Permanent teaching jobs

Some thoughts on reading a newspaper article a couple of weeks ago - 

At the onset I clarify that I have, over the years, read Krishna Kumar’s articles,  learnt from them, and also shared them with friends. 


This particular article talks about problems in the school system today - a system that relies excessively on data and where ‘teaching and children don’t matter’. There is no denying these problems - many of which are driven by societal changes. The focus on ‘permanent teaching job’ - the first line onwards - though, left me perplexed! 


Now, the questions -


Let us begin with numbers - 

  • How many people have quit ‘permanent teaching jobs’ to return to ‘state of unemployment and uncertainty’? Is the number high enough that we need to be concerned in the manner that the article suggests? 
  • Where does this number of quitting teachers stand vis-a-vis the number of people lining up for teaching positions in government schools? 
  • How does it compare with the number of teachers who have moved from schools to coaching classes (especially those teaching sciences in higher classes) during the recent years?

On to jobs, permanent jobs - 

  • Is moving on from a permanent job and exploring the world - moving on from what one feels stuck in to figuring out what one wants to do in life - a bad idea? Is education (also) not about exploring, opening up, evolving, and accepting change? 
  • Why is a teacher leaving a school necessarily a sad event? Can something good not come out of this churning? For the students, or the teacher, or the school, or the place where the teacher moves to or for all of them? 
  • Have the permanent teachers not been one of the reasons for our schools’ (government, alternative or else) stagnation? 
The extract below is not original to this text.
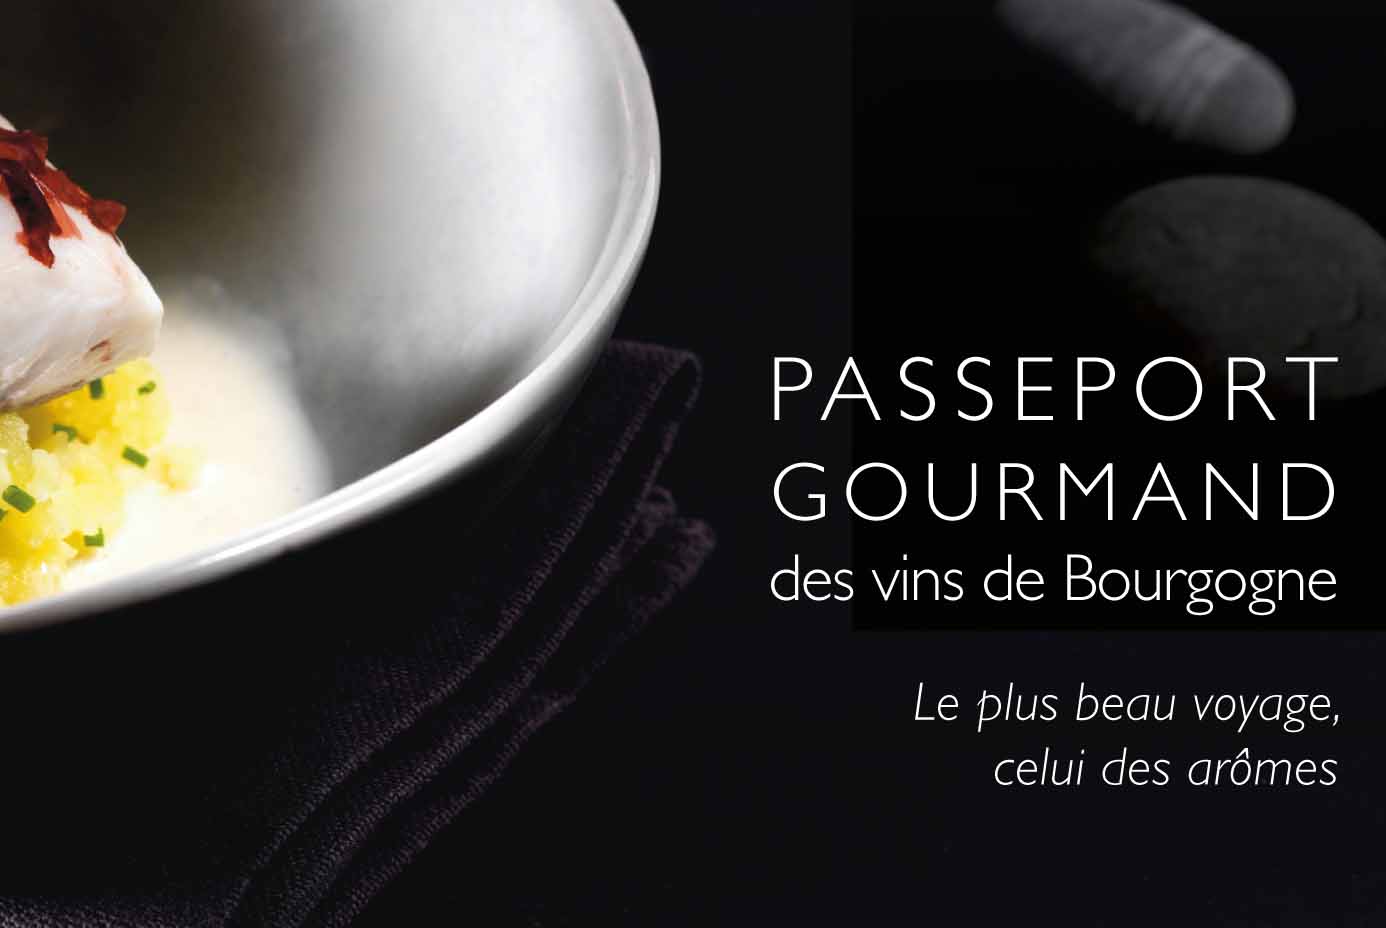 Passeport gourmand des vins de Bourgogne

And finally to assumptions - 

  • Is there an assumption somewhere that most of us who are teachers are teaching because we wanted to be teachers and not due to lack of options, better options? And, that we are good at teaching? 
  • Are these challenges - ‘violence’, ‘smartphone’, ‘bureaucratic aggression’ - limited to teachers?
  • Are our friends in other sectors not facing the complexities brought out by AI, social-media, multi-tasking, stress and all that comes with them?